In November 2024, D'Antuono visited the asylum seekers’ center in Gjader, Albania, together with MEPs from Volt Europa and a delegation of Italian and Albanian Volt members. Aftherwards she criticised the project promoted by the Giorgia Meloni government and reported that staff are already leaving the facilities again.

===Economic Inequalities===
For D’Antuono, reducing inequalities starts with a profound revision of the taxation system. Her goal is to enhance fiscal justice by making taxation genuinely progressive and reducing opportunities for evasion. D’Antuono advocates for accelerating European unity to end the “race to the bottom” that benefits large multinational companies. She proposes tax harmonization, imposing a minimum effective tax rate, creating a European Ministry of Finance to facilitate mandatory automatic information exchange among EU Member States, and implementing a central wealth registry by merging data from national sources. Additional she supports the establishment of a universal European minimum wage as a key measure to reduce poverty and economic disparities. According to D'Antuono, the lack of support for these issues from centre-left parties is, in her view, responsible for the decline in support from working-class voters.

D’Antuono has also been particularly critical of the Meloni government regarding its lack of commitment to fighting poverty and inequalities.

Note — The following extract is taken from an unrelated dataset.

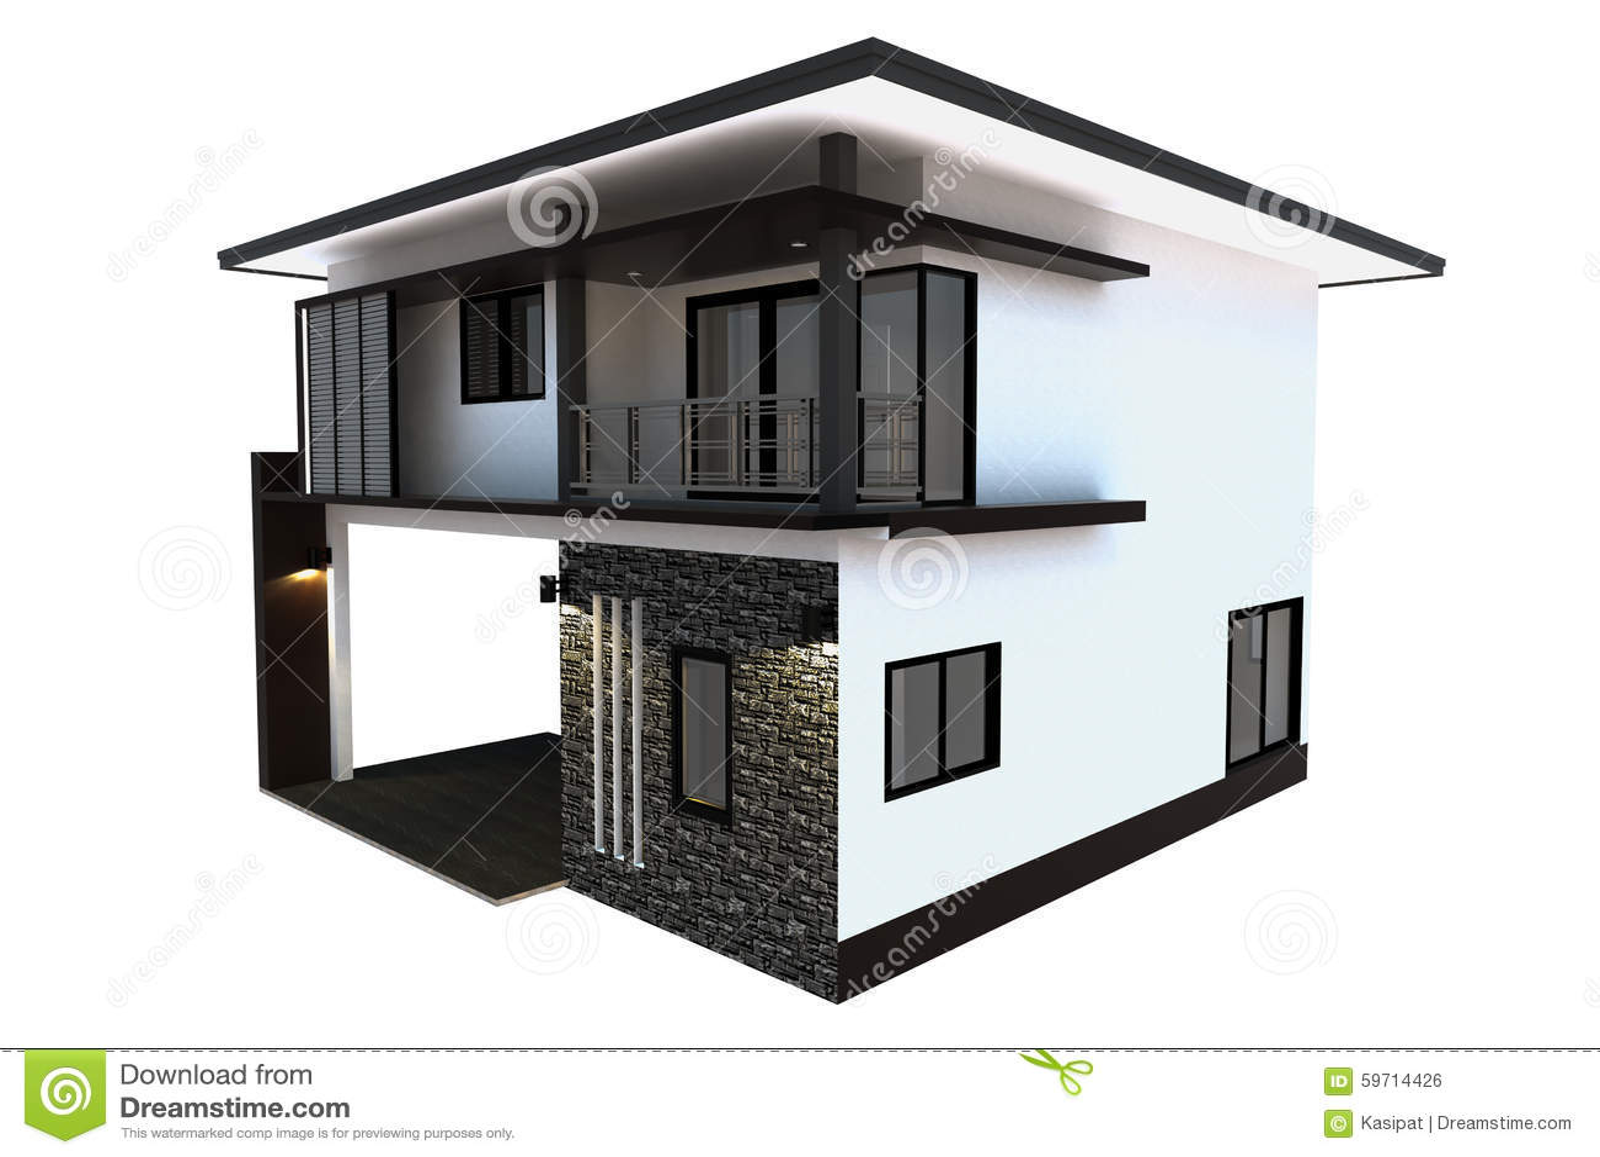 3d home design stock illustration image 59714426 home design large home house design bc royalty free stock

She frequently emphasizes the strong link between social justice and climate justice, highlighting their intrinsic connection.

===European Democracy===
D’Antuono advocates for a radical revision of European institutions to develop a true European democracy capable of decisively addressing global challenges. She has also spoken out about the structural rigidity of the Italian political system toward new political entities, especially compared to other European countries like Germany and the Netherlands. She argues that the combination of laws and regulations governing political participation in Italy creates a system favoring personality-driven parties with substantial financial resources.

To address this, D’Antuono supports the proposal for a European electoral law to standardize the regulations for European elections across all EU countries. Under this proposal, citizens would vote not only for their national candidates but also for transnational lists. The plan includes lowering the voting age to 16 and mandating gender alternation in electoral lists.

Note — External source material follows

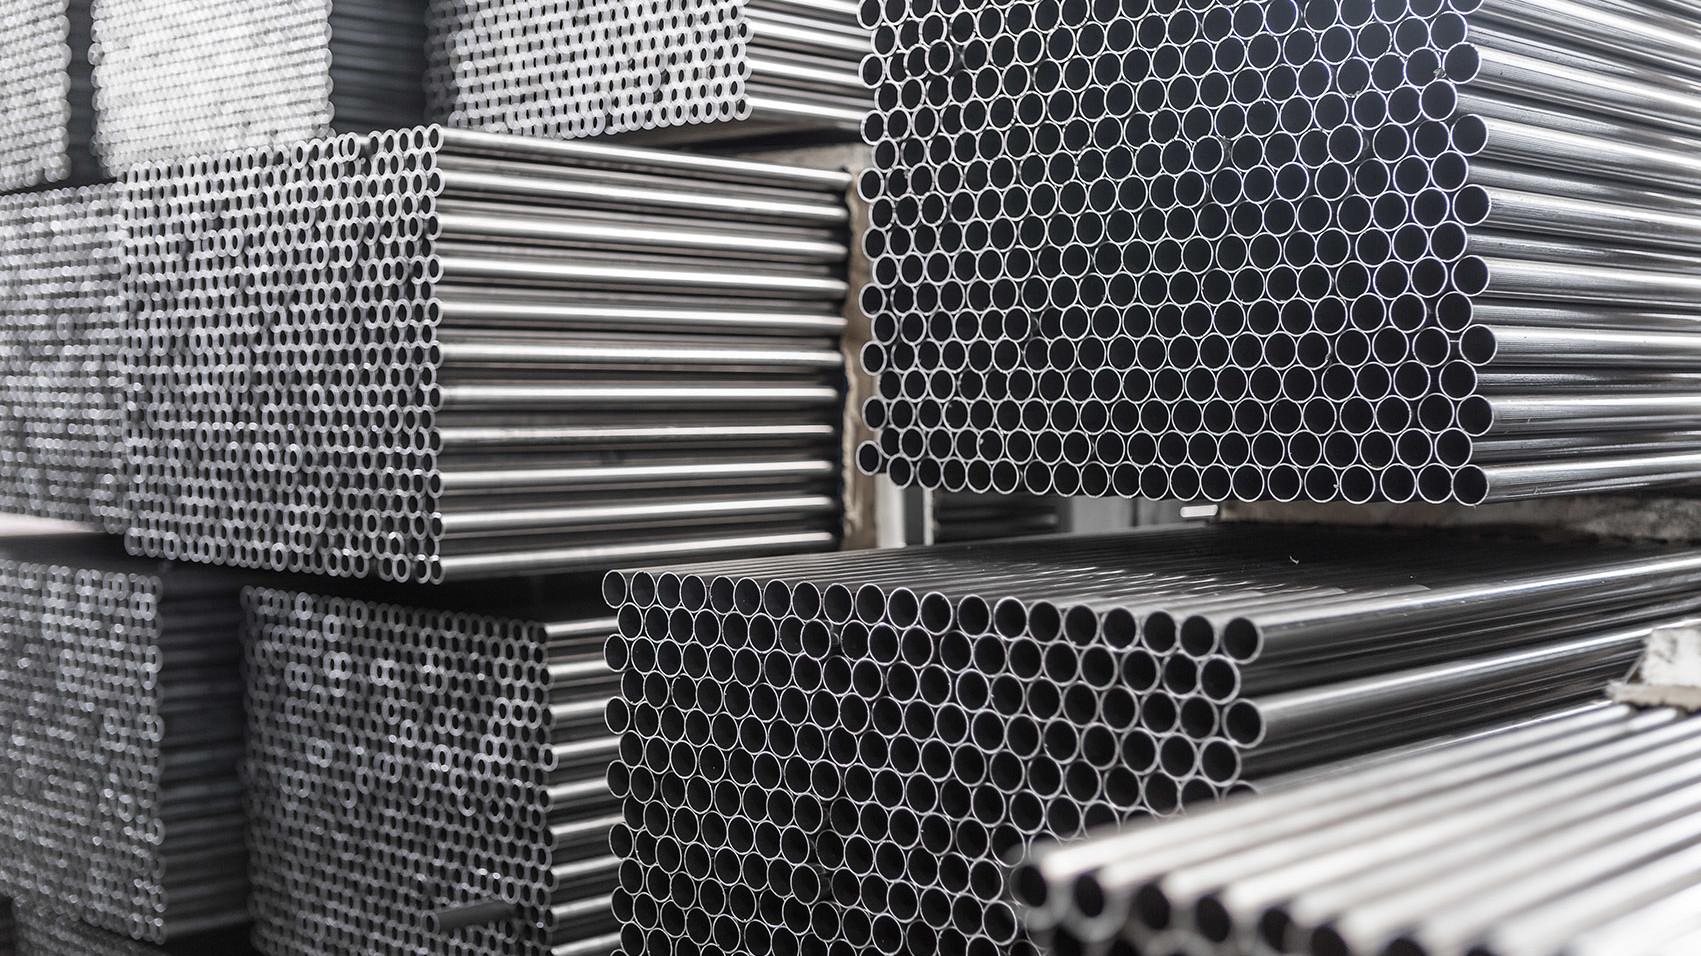 welded-tubes-uai-1701x956

=== Women's and minority rights ===
D’Antuono is committed to the inclusion and advancement of women in leadership roles and strives for equal political representation. She criticises inequalities in the medical field, such as the fact that less is known about diseases and the effects of medication on the female body, that illnesses are diagnosed less quickly, and that there is a higher risk of misdiagnosis or incorrect treatment by doctors.

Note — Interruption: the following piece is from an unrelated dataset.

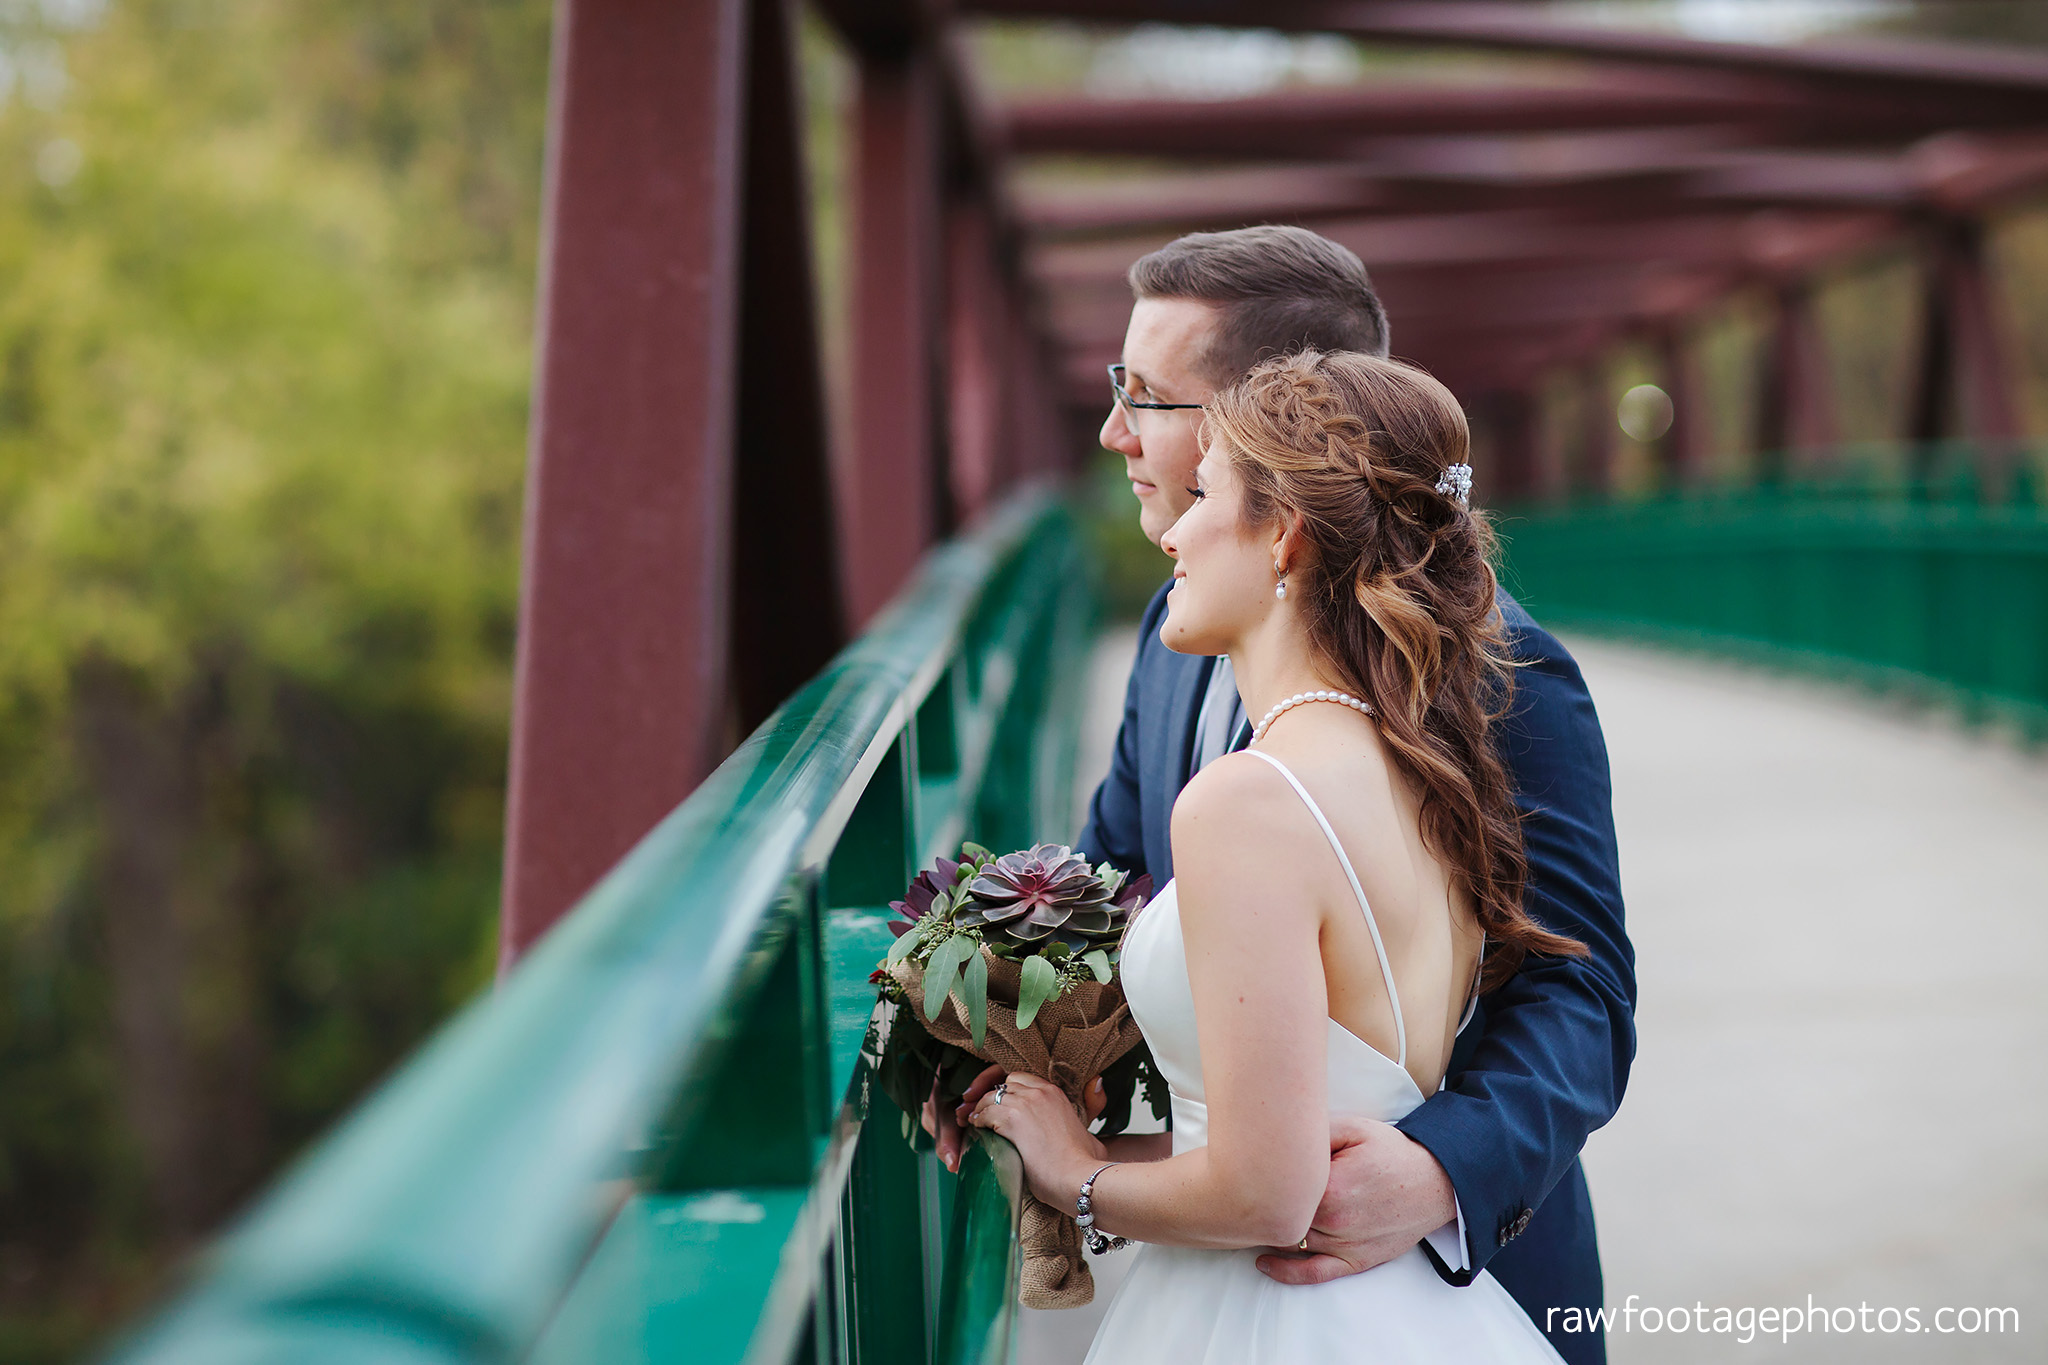 london_ontario_wedding_photographer-civic_gardens-springbank_park-succulent_bouquet-fall_wedding-bridge-raw_footage_photography070.jpg

She calls for social initiatives to integrate people with disabilities into society from an early age and to reduce factors contributing to discrimination, such as the segregation of people with disabilities in schools or specialised residential facilities, as also advocated by the UN Committee on the Rights of Persons with Disabilities.

In a series of articles, D'Antuono criticises the way racism and hostility towards the LGBTQ community are dealt with in Italy. She calls for society to engage in self-reflection and to take a critical approach to history.

===Other Topics===
Regarding the Russian invasion of Ukraine, D’Antuono advocats for strong and clear support for Ukraine and an acceleration of its EU accession process.

On the recent escalation of the Arab-Israeli conflict, D’Antuono has called for an immediate ceasefire, recognized signs of potential genocide in Gaza, and stressed the importance of a united and strong European Union in foreign policy.

== Personal life ==
Under the pseudonym Francesca del Mar, D'Antuono wrote several short stories and two books. In August 2021, she became the mother of a son.